Zuckerman starb als ausgezeichneter Künstler. Im Dezember 2023 erhielt er den „Lifetime Achievement Award“ der Sangeetanjaly Foundation in Hyderabad. Seine Grammy-nominierten Alben Diaspora Sefardi und Indische Ragas und mittelalterliche Lieder bleiben eindrucksvolle Beispiele seiner grenzüberschreitenden Kunst. Doch neben den Auszeichnungen machte Ken vor allem die Art und Weise außergewöhnlich, wie er Teil der indischen Klang- und spirituellen Landschaft wurde. In schlichtem Kurta-Pyjama, leise, aber leidenschaftlich sprechend, spielte Zuckerman nicht nur die Sarod, er lebte sie.
Ein verschlungener Weg zur Musik
Ken Zuckermans Kindheit war weit entfernt von den klangvollen Klängen klassischer indischer Musik. Nach seinem Umzug aus Amerika wuchs er in Basel auf und träumte eher von Baseball als von Bhairavi. Musik war sein Hobby. Bis in seine Zwanziger sang er, bastelte Klavier und spielte Gitarre. „Ich spielte E-Gitarre, Rock’n’Roll, Akustikgitarre und komponierte viel Jazz und Folk“, erinnerte er sich in einem Interview.
Musik kam im Familienhaus nicht zu kurz, war aber alltäglich. Zuckerman erzählte gern von der Musikphilosophie seines Vaters. „Ich spiele Kassettenrekorder“, scherzte sein Vater.

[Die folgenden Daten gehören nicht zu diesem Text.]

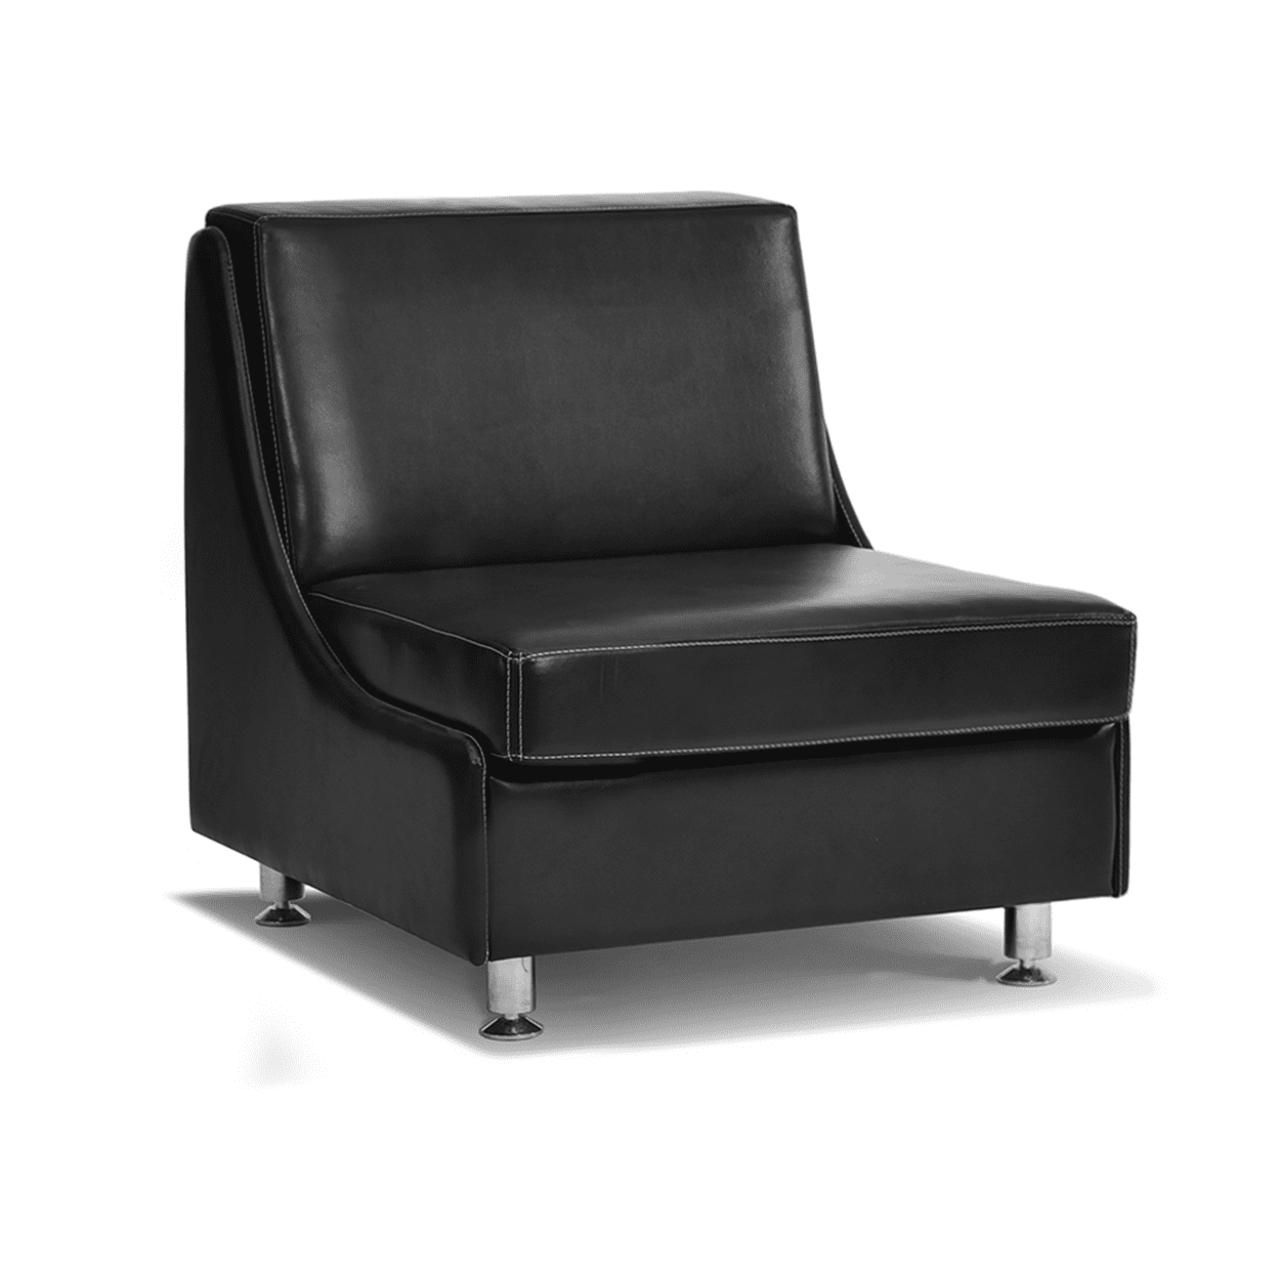 Мягкая офисная мебель Сонет - фото 2

Doch das Schicksal hatte andere Pläne. Mit 20 Jahren, während seines Studiums in Iowa, stolperte Ken zufällig über ein indisches klassisches Konzert mit Ustad Ali Akbar Khan und Pandit Shankar Ghosh. Eines Abends gelangweilt und ohne Interesse an Filmvorführungen, betrat er eine Vorstellung, die sein Leben verändern sollte. „Ich ahnte damals nicht“, sagte er später, „dass ich damit mein Schicksal verändern würde.“

Ken Zuckerman in seinen jüngeren Jahren
Jüngerschaft mit einer Legende
Nach dem Konzert erfuhr Zuckerman vom Ali Akbar College of Music in Kalifornien. Er besuchte es während der Frühlingsferien und schrieb sich sofort für einen sechswöchigen Sommerkurs ein. Aus anfänglicher Neugier entwickelte sich ein Schüler. Ustad Ali Akbar Khan, Sohn des legendären Baba Allauddin Khan, nahm ihn als Schüler auf. Zuckerman begann mit der Sitar, doch der Klang der Sarod begeisterte ihn mehr.

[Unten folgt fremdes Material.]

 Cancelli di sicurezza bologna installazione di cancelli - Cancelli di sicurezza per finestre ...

Sein Wechsel zur Sarod hatte nicht nur musikalische Gründe. Er war auch spirituell. „Ich hatte einen Traum“, sagte er, „in dem Ustad Khan mir eine Sarod reichte.“ Gleich am nächsten Tag vollzog er den Wechsel. Und so begannen 37 Jahre des Lernens unter dem Maestro.
Khan war nie leichtfertig mit Lob, doch in Zuckerman sah er großes Potenzial. In seinem achten Jahr am College wurde Zuckerman für die „Gandabandh“-Zeremonie ausgewählt, bei der der Guru dem Studenten einen heiligen Faden um das Handgelenk bindet, um die formelle Initiation und eine tiefere Beziehung zu ihm zu symbolisieren.
„Ich hatte großes Glück, dass ich Ustad Ali Akbar Khan als meinen ersten Kontakt mit klassischer indischer Musik hatte. Wen hätte ich mir als besseren Lehrer wünschen können?“, sagte er. Auch nach Khans Tod lernte Zuckerman weiterhin von Aufnahmen und übte täglich mit Ehrfurcht.

Ken Zuckerman mit seinem Ustad
Ein Amerikaner im Kurta-Pyjama, der die indische Ästhetik verkörpert
Zuckerman versuchte nie, sich auf effekthascherische Weise zu „indizieren“, sondern verinnerlichte indische Werte und ästhetische Feinheiten tief. Oft in schlichtem Kurta-Pyjama gekleidet, verkörperte er das ruhige, geduldige Temperament, das in klassischen Kreisen so geschätzt wurde. „Die Lebenseinstellung des durchschnittlichen Inders“, sagte er einmal, „ist geduldig, philosophisch, entgegenkommend und voller Toleranz.“
Für Zuckerman war indische Musik nicht nur eine Klangkunst. Sie war ein Lebensstil.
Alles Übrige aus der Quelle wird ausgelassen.